The situation with the North American trading bloc has moved beyond heated talk to danger the agreement might collapse. Don't expect many winners.

Share story

From providing health insurance to Americans and addressing climate change to maintaining United States leadership in the world, the Trump administration’s strategy is “wreck from the inside.”

That’s not how the White House sees it, of course. It is “making America great again” and putting “America first.” Reality, however, doesn’t care what the administration thinks it thinks.

Among the many self-inflicted crises, the latest is the growing possibility that the 24-year-old North American Free Trade Agreement (NAFTA) will collapse because of Trump’s intransigence and ultimately a withdrawal by the United States. At stake are a $1.5 trillion continental trading zone and at least 14 million American jobs directly tied to NAFTA. Washington state sold more than $7 billion in merchandise exports to Canada last year, $2 billion to Mexico.
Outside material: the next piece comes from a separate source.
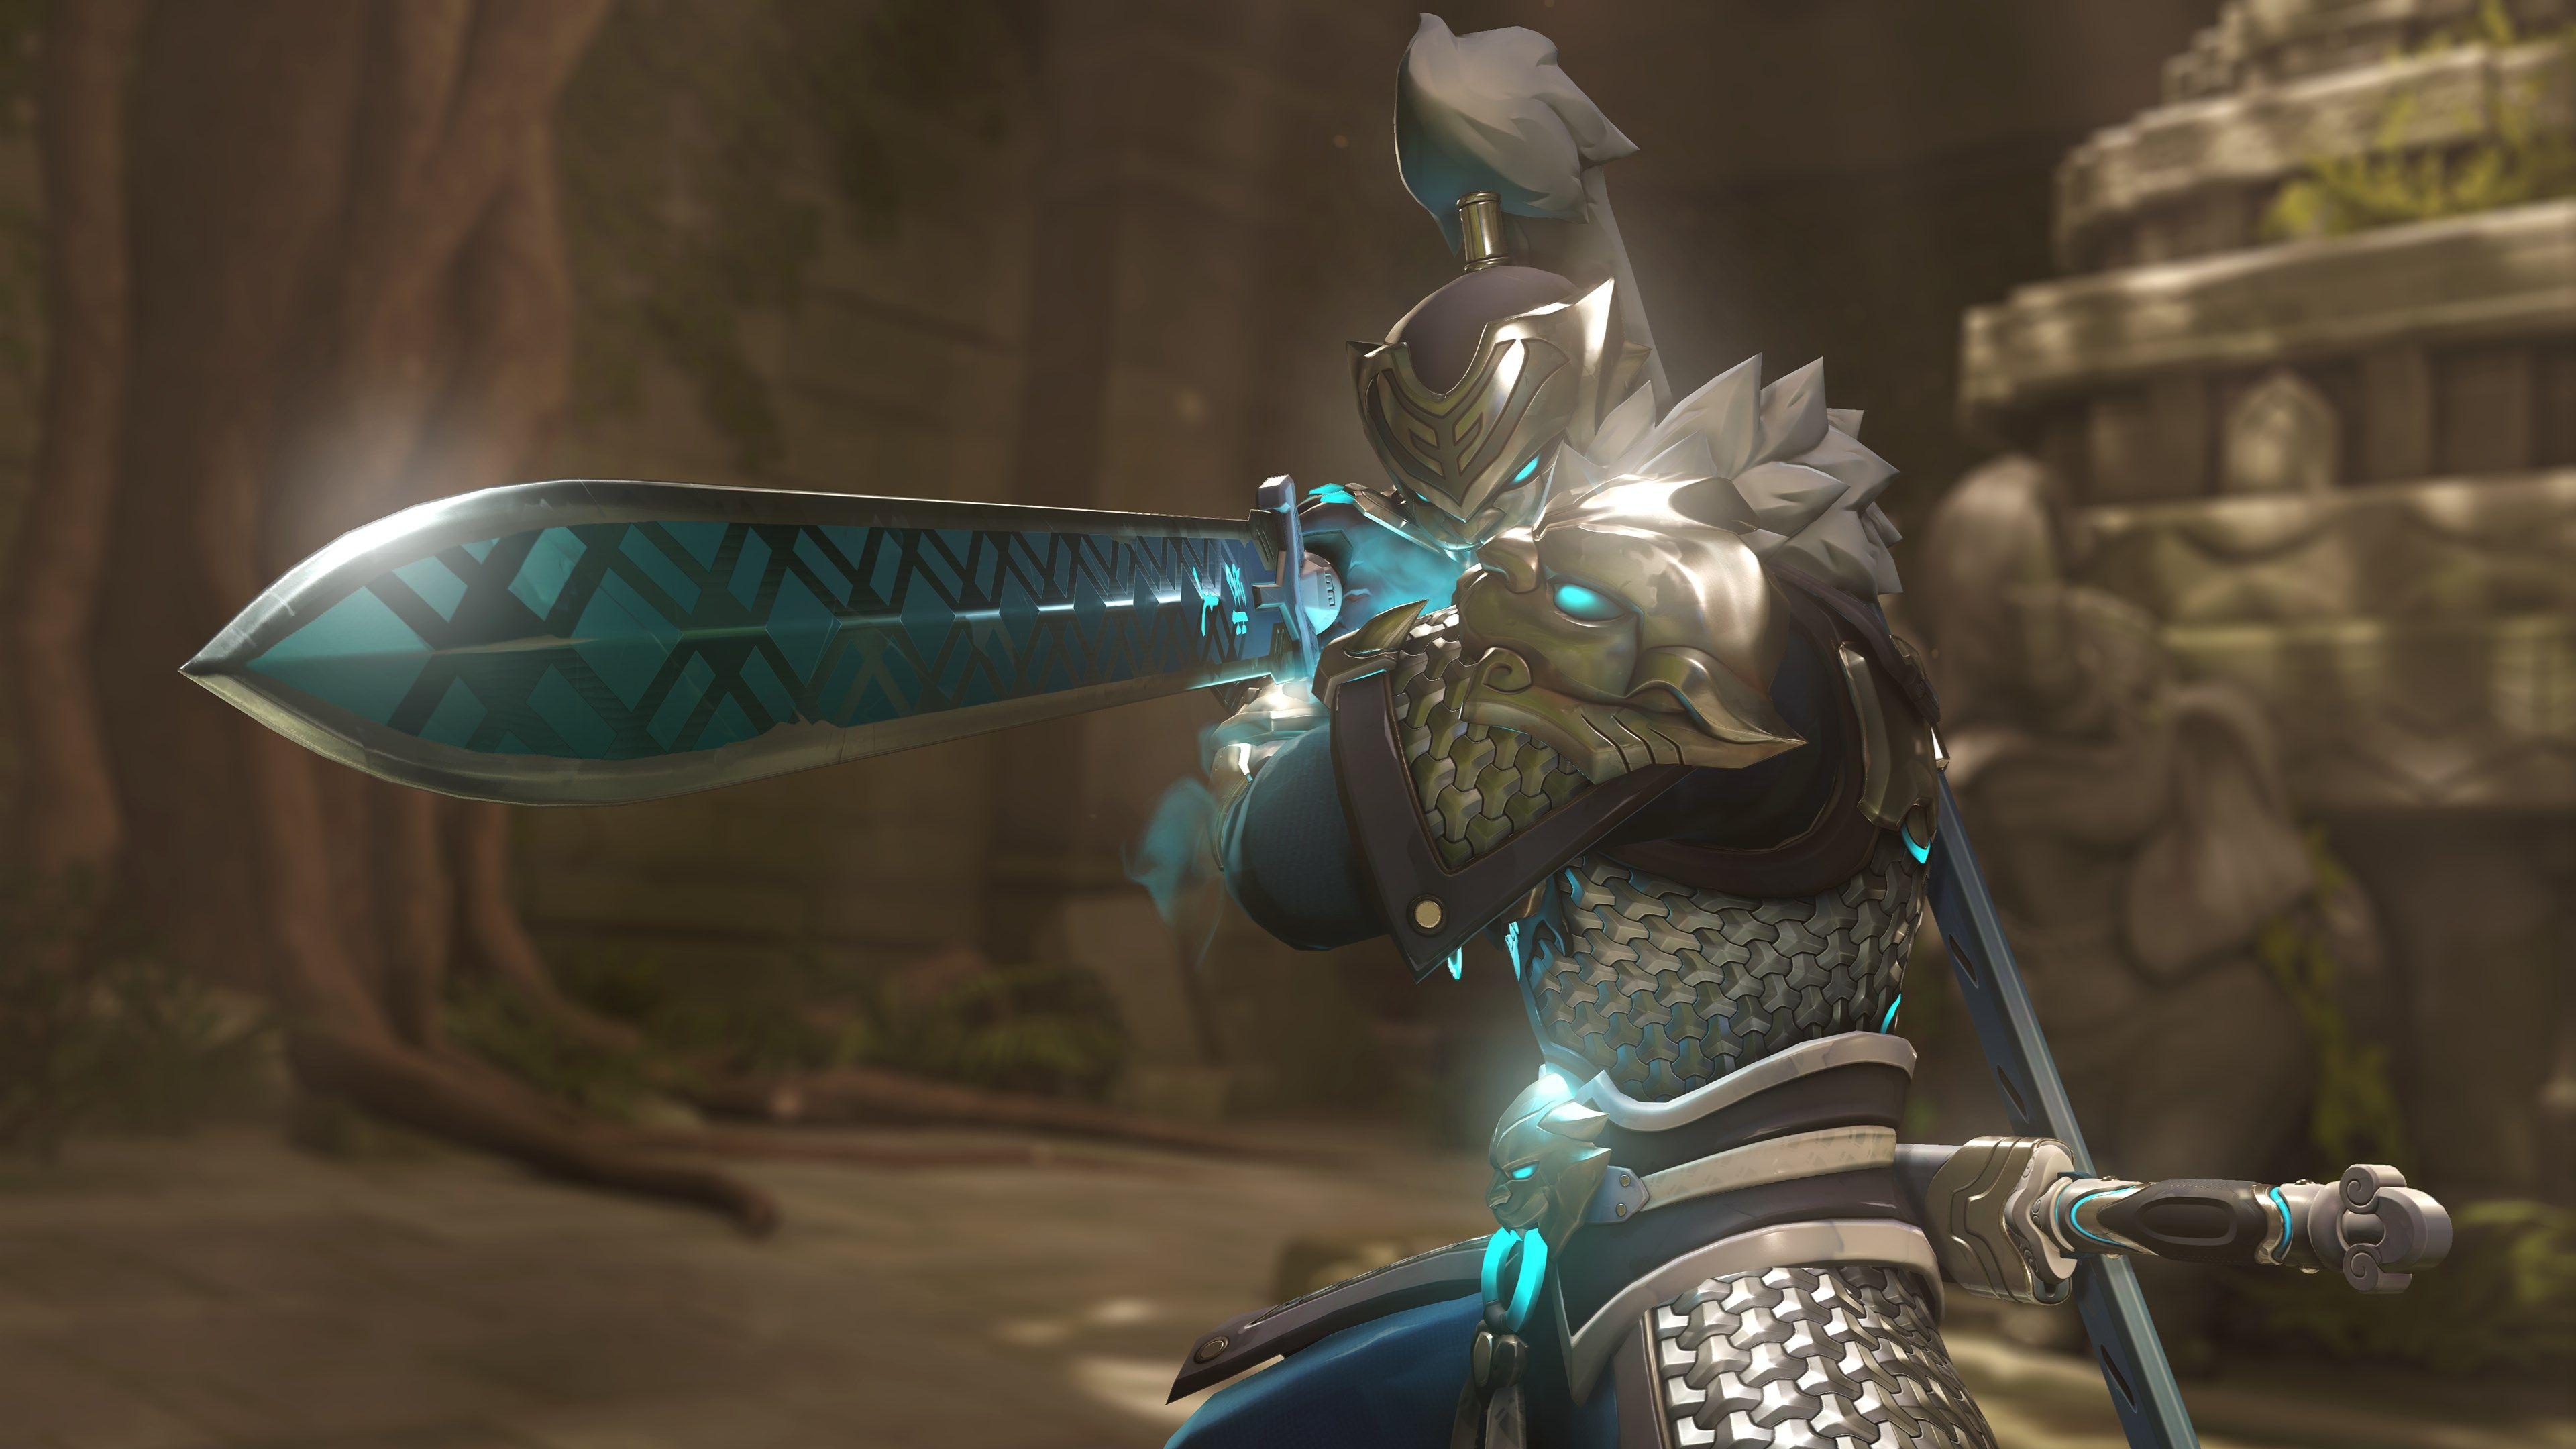 Année du Chien 2018 Captures d'écran Genji overwatch

For someone who had a ghost-written book called “The Art of the Deal,” President Trump has proved an inept deal-maker. He’s laid down hard demands that would be impossible for Mexico or Canada to accept. Among them, slashing access to U.S. government procurement bidding, a “sunset” clause that would end NAFTA in five years unless all countries renewed it, and weakening or killing dispute resolution mechanisms.

Of course this reasoning applies if one assumes Trump wants to update NAFTA for the 21st century rather than bury it. Yet as is often pointed out, he comes from a developer mentality of “win-lose” in negotiations, rather than the “win-win” needed in trade. And he made his hatred of NAFTA a cornerstone of his campaign, calling it a “disaster” for America.

In fact, the United States has been the biggest beneficiary of the agreement. Disruption was felt in all three countries, especially Mexico. But now much of the American economy is built around the certainties of NAFTA. No wonder business is spooked. In theory, a NAFTA-less North America would revert to the old tariffs, some relatively low (but not for farm products).

New trade deals might be negotiated — eventually. But this elides the fact that entire industries have become tied into the continental trading system, including the supply chain for the U.S. auto industry. The new disruption will kill jobs, not bring them home. The administration has no Plan B. Nor, in its rhetoric against offshoring of work (most to China and south Asia), has this billionaire-laden administration proposed penalties for big businesses that do so, rather than attacking NAFTA.

If the United States kills NAFTA, the consequences will reverberate far. Mexico will certainly be plunged into a recession, risking political instability and guaranteeing new immigration to el norte, wall or not (Hey, kids! Let’s create a failed state on our southern border!). The new economic nationalism displayed by the former leader of the Free World will encourage the same elsewhere — we tried this in the late 1920s and how’d it work out? Meanwhile, China will see an opening to expand its “one belt one road” global initiative.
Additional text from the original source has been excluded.